▸ THE PROBLEM
In the records that follow, find the line containing "Rutte Celery Gin" and the line containing "A Christmas Carol movie review", then transcribe both and every line between them exactly, omitting pictures.

▸ RECORDS SUPPLIED
━━━━━━━━━━

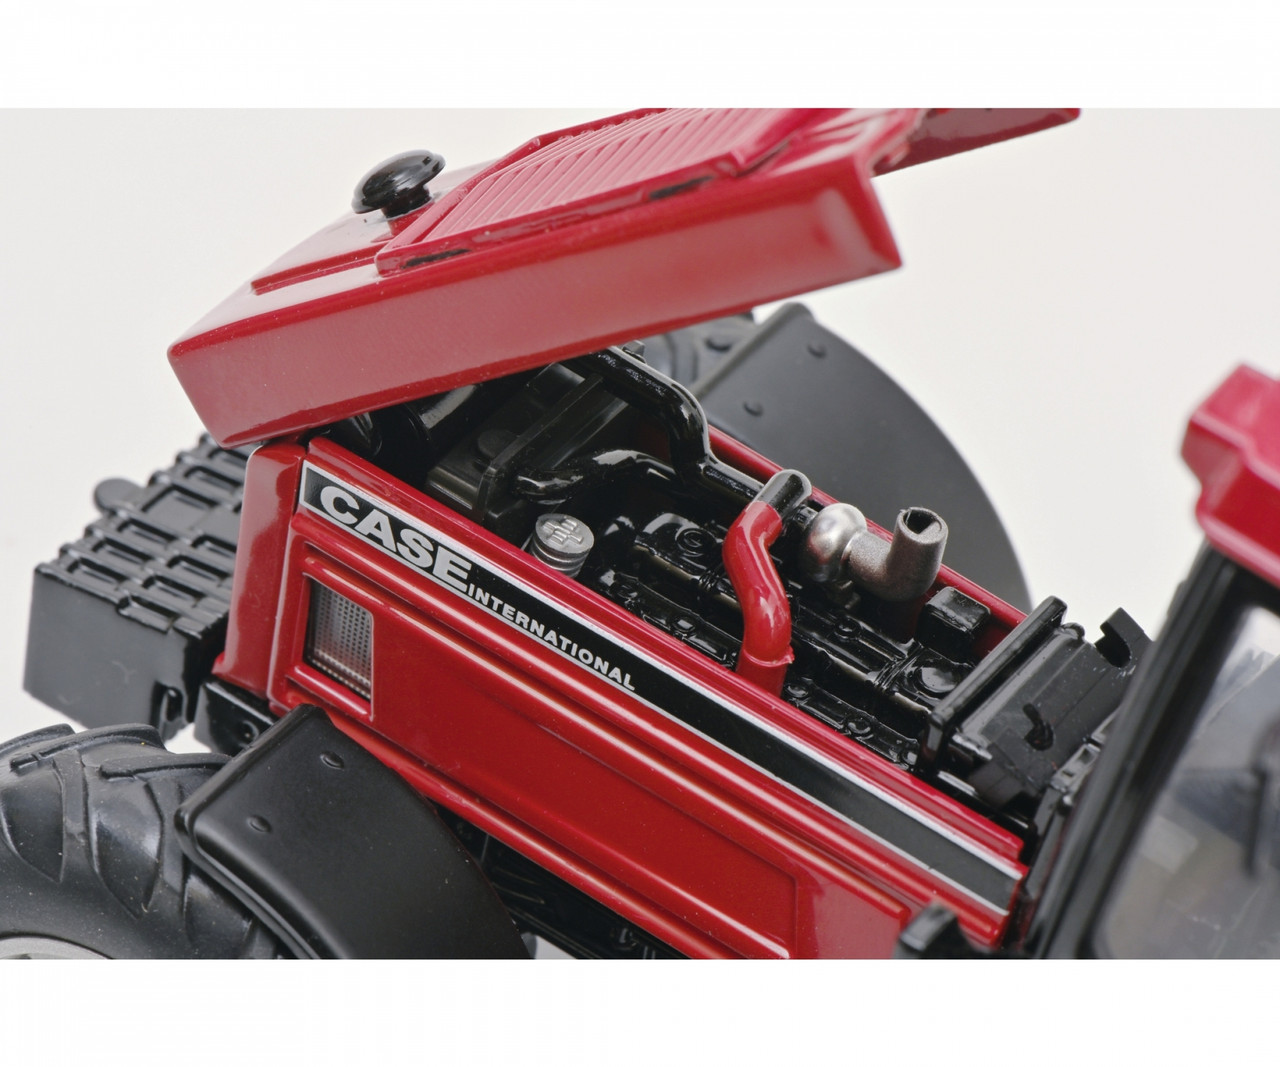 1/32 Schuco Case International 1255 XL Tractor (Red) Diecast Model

━━━━━━━━━━

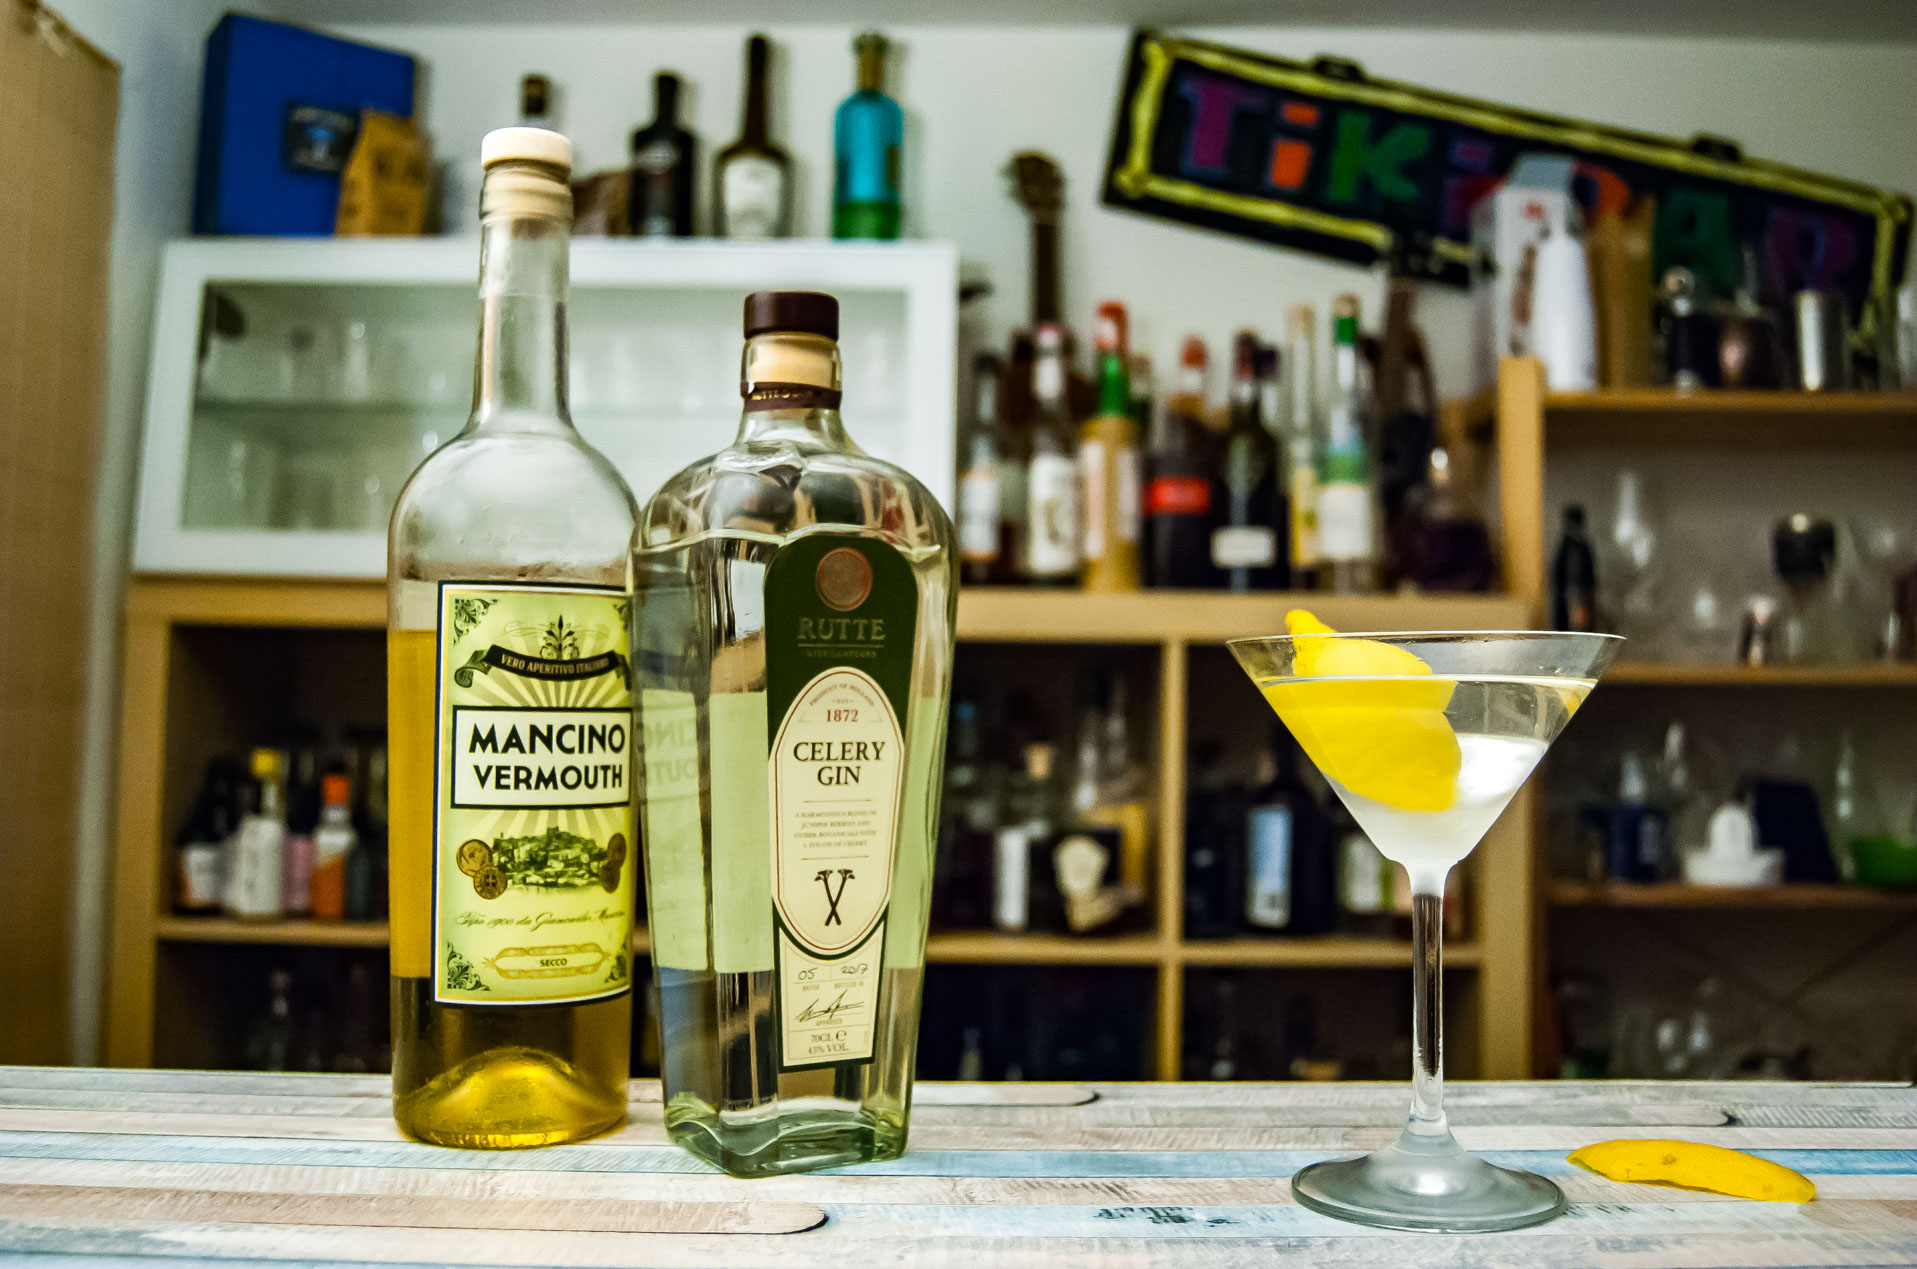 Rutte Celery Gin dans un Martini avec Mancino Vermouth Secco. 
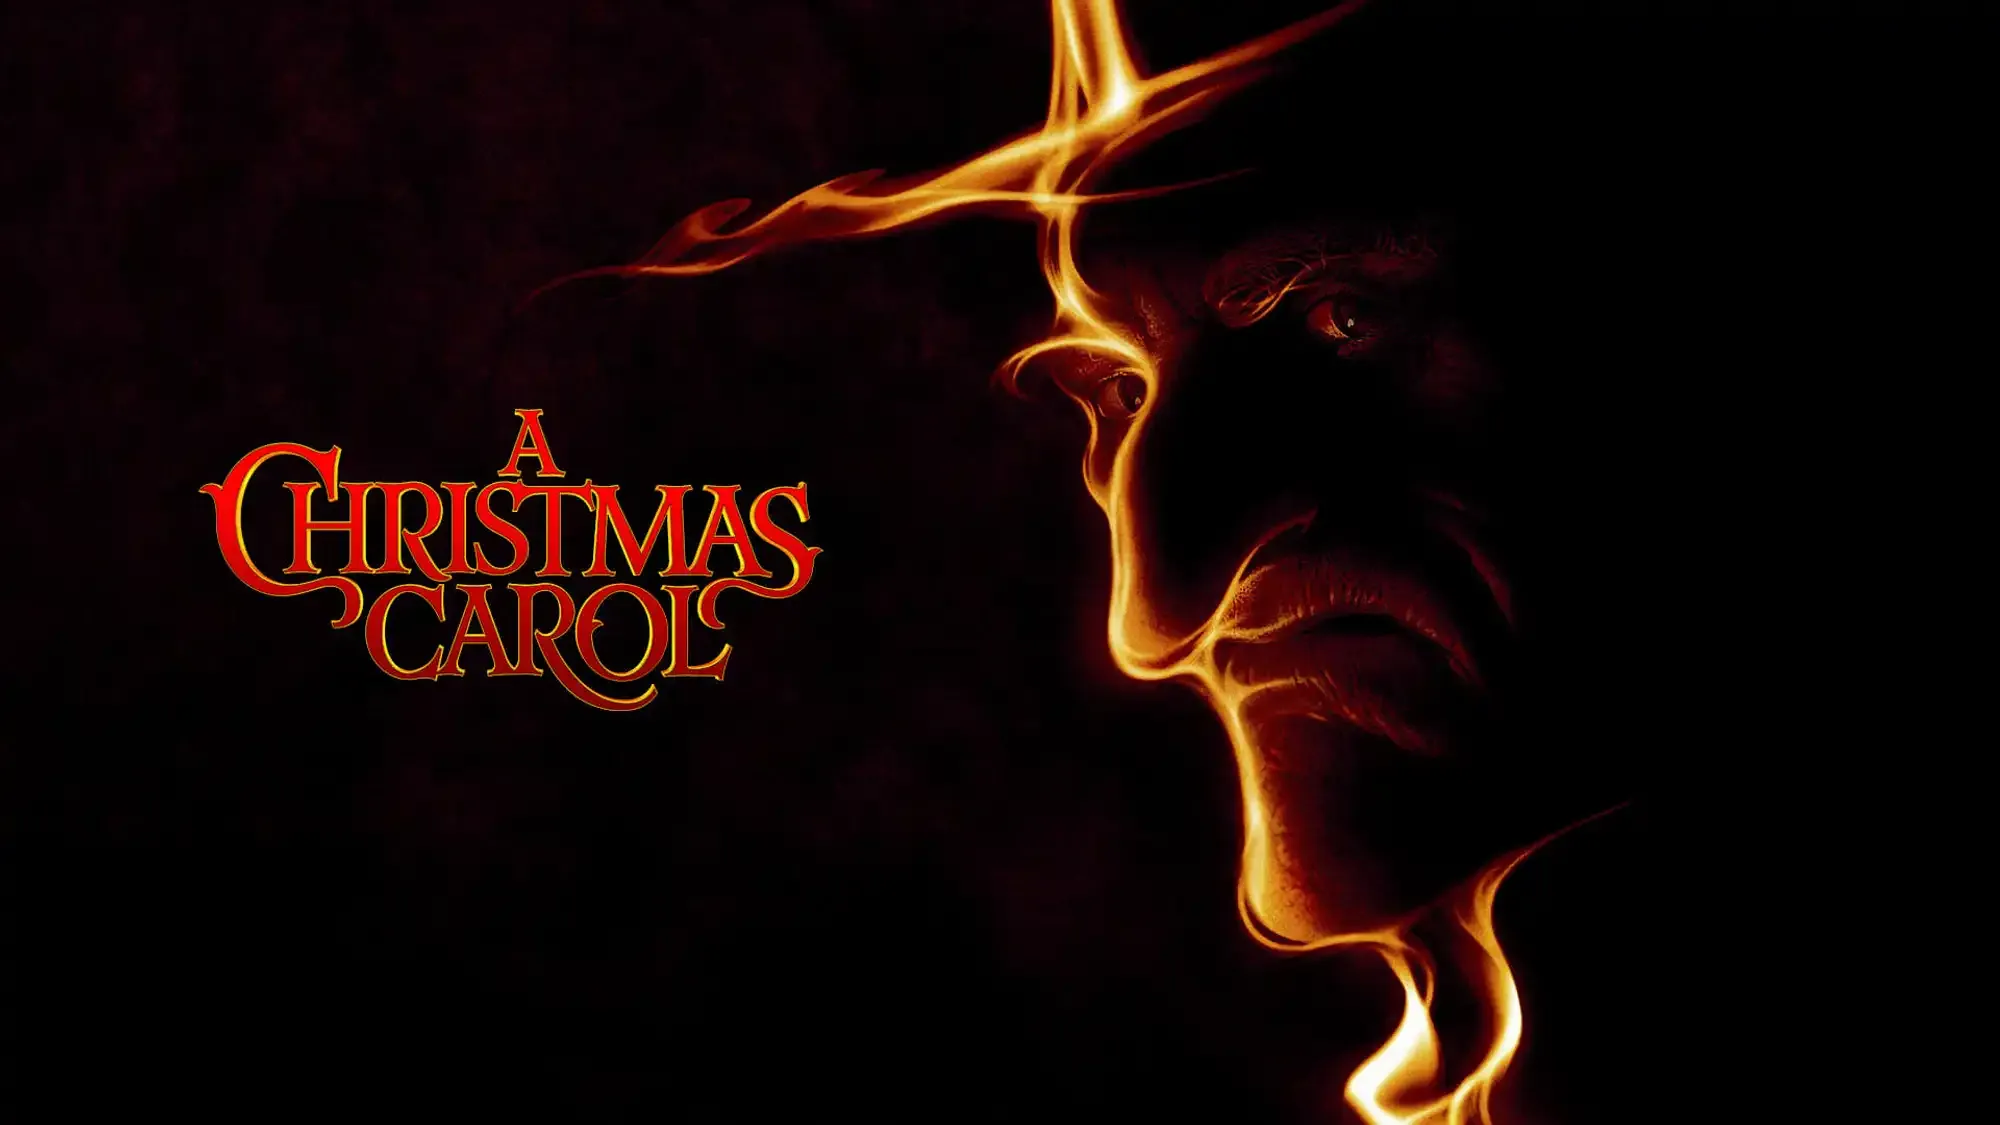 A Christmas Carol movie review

━━━━━━━━━━

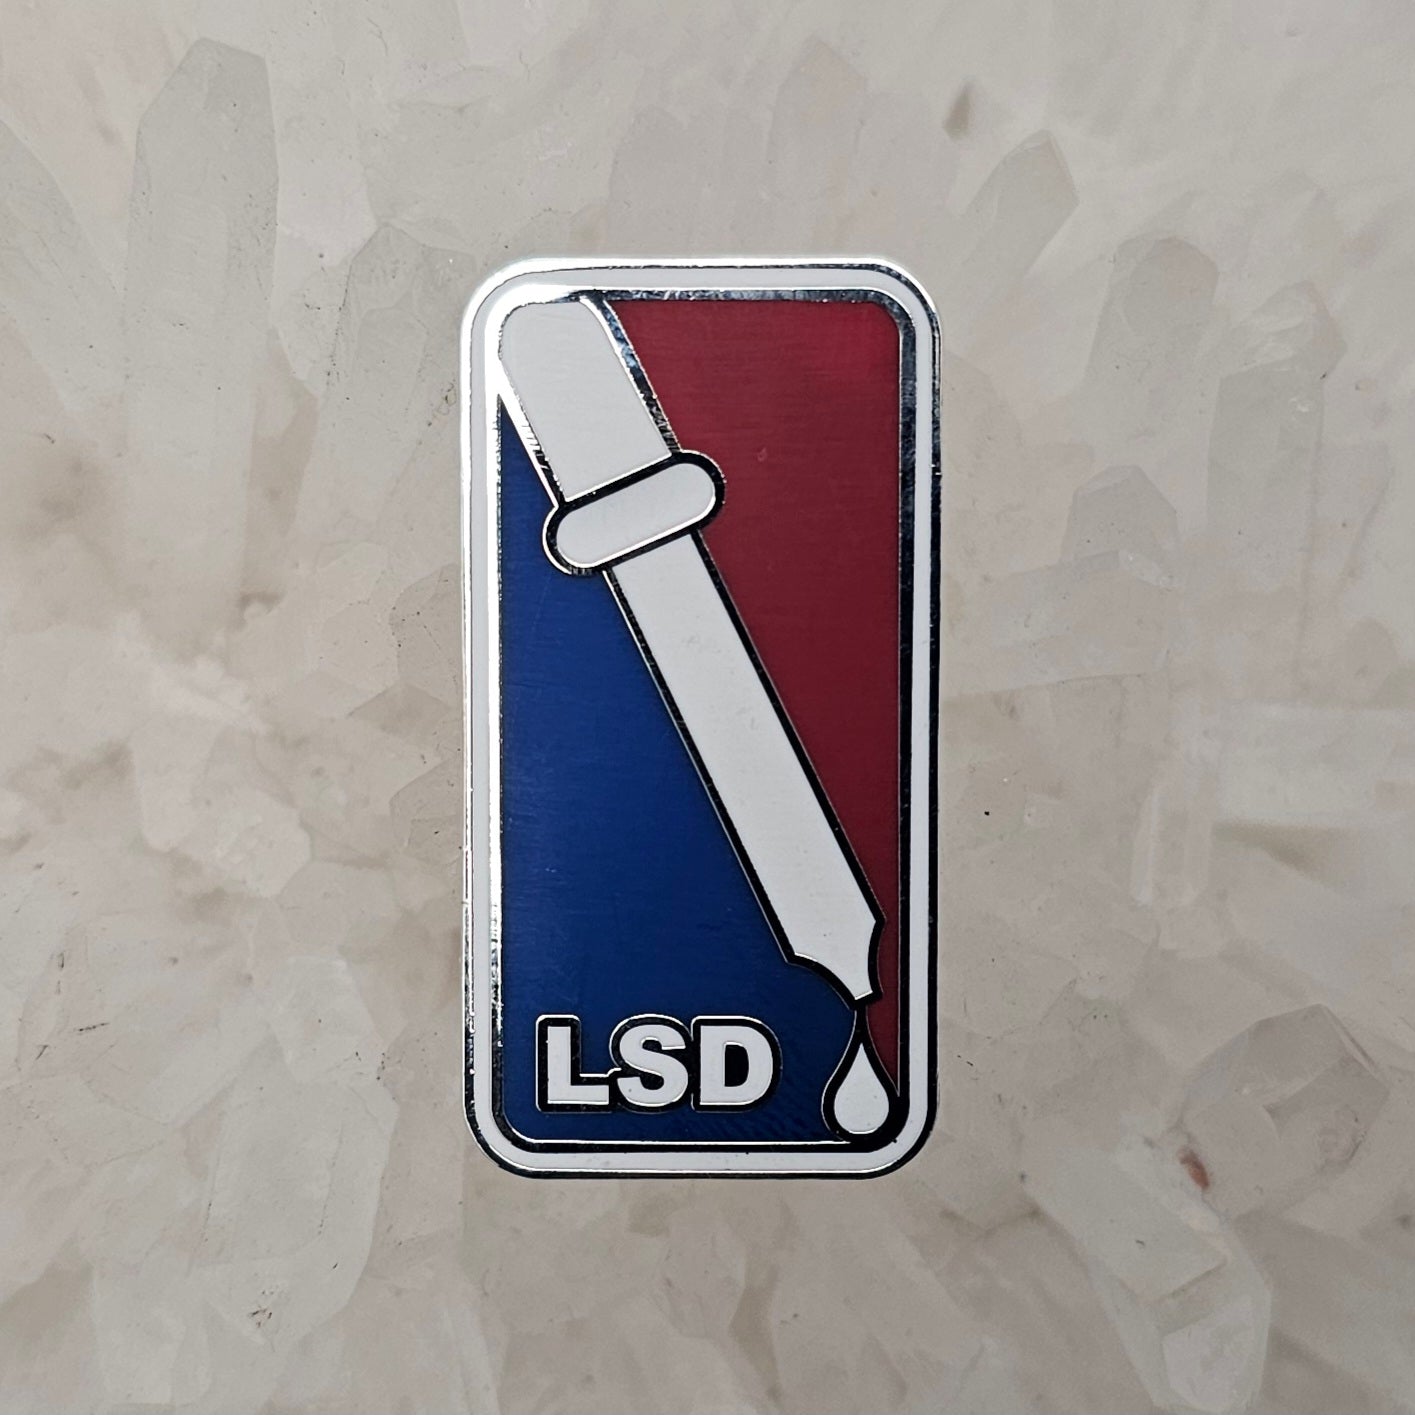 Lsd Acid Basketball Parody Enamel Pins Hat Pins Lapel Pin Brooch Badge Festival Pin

━━━━━━━━━━

▸ ANSWER AREA
 Rutte Celery Gin dans un Martini avec Mancino Vermouth Secco. 
 A Christmas Carol movie review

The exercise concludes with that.